I think the last aircraft I rented was in 2004 and 4 hours with pilot and fuel cost me a little over $4000 pesos so back in the day whatever the exchange rate was I figure it was about $100 US an hour with pilot. Can't remember the type of aircraft it was but it was a dual engine with 4 passenger capacity not including pilot and co-piolet, we took off the door and removed one row of seats as we had to accommodate film and photography equipment and crew.

We flew out of the air strip at Playa del Carmen and headed to film Tulum and then followed the coast north to Cancun making one sweep in Cancun due to excessive air traffic at the time we had to move on south. We did a pass over cozumel but it started to rain so we didn't get much of Cozumel.

The second time I went up with the french guy to shoot some stills only in the ultra light that we took off from the beach just south of Puerto Aventuras. Much more difficult peeling the bugs off the camera filter after that flight...
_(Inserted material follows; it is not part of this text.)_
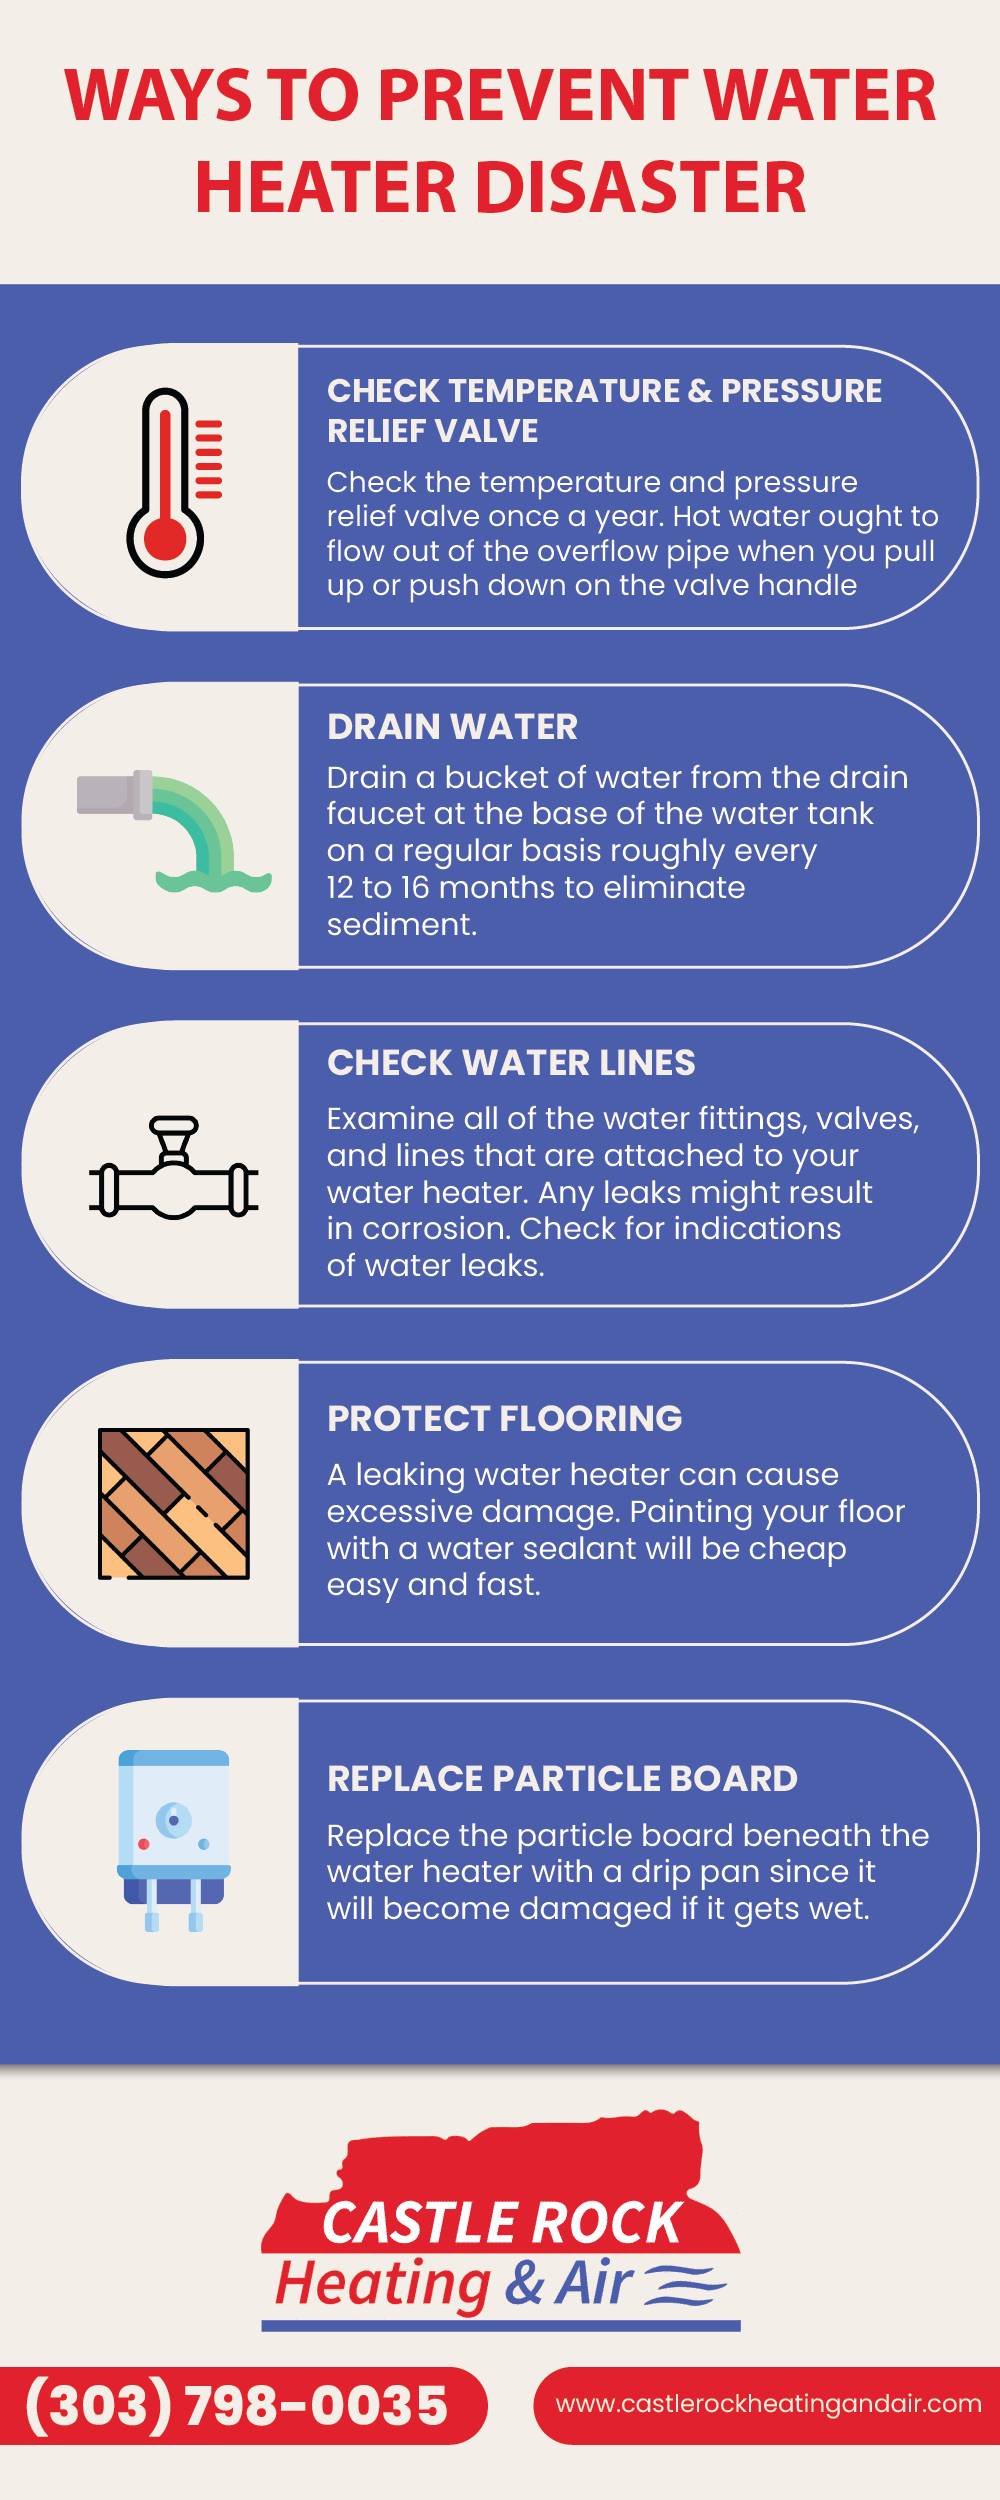 Ways To Prevent Water Heater Disaster

$4.50 an hour, wow I mean you are what from the Wright Bros. School of Flying? I am 54 and can't remember those rates for cargo let alone an aircraft.


----------



## RVGRINGO (May 16, 2007)

Yes, I do have some 20 years on you, don't I? My father flew biplanes with open cockpits and speaking tubes. We may have been the last generation to grow up without plastic or TV in an uncrowded USA with only 1/3 the present population. That was freedom! All gone now.


----------



## Ulev (Jul 9, 2011)

Yup ! I learned to fly C 150 out of MDW.
Sure was fun landing on a parallel runway while pedaling as fast as I could....as a jet just passed me and I was caught up in it's vortex...ruined more pants that way....


----------



## Ulev (Jul 9, 2011)

Yup ! I learned to fly C 150 out of MDW.
Sure was fun landing on a parallel runway while pedaling as fast as I could....as a jet just passed me and I was caught up in it's vortex...ruined more pants that way....


----------



## monica40 (Aug 31, 2010)

ElNorte

Your light sport can only be brought into Mexico on a temporary permit, like a car...you will have to get specific details from Aduana. If you want to keep it here you will have to go through the Mexican registration process (very lengthy and expensive) and you must get a Mexican Private Pilot licence. Your US license means nothing to the authorities! And keep in mind only avgas available at airports, no mogas unless you supply your own. Good luck!


----------



## ElNorte (Sep 29, 2011)

monica40

Thank you for your info!


----------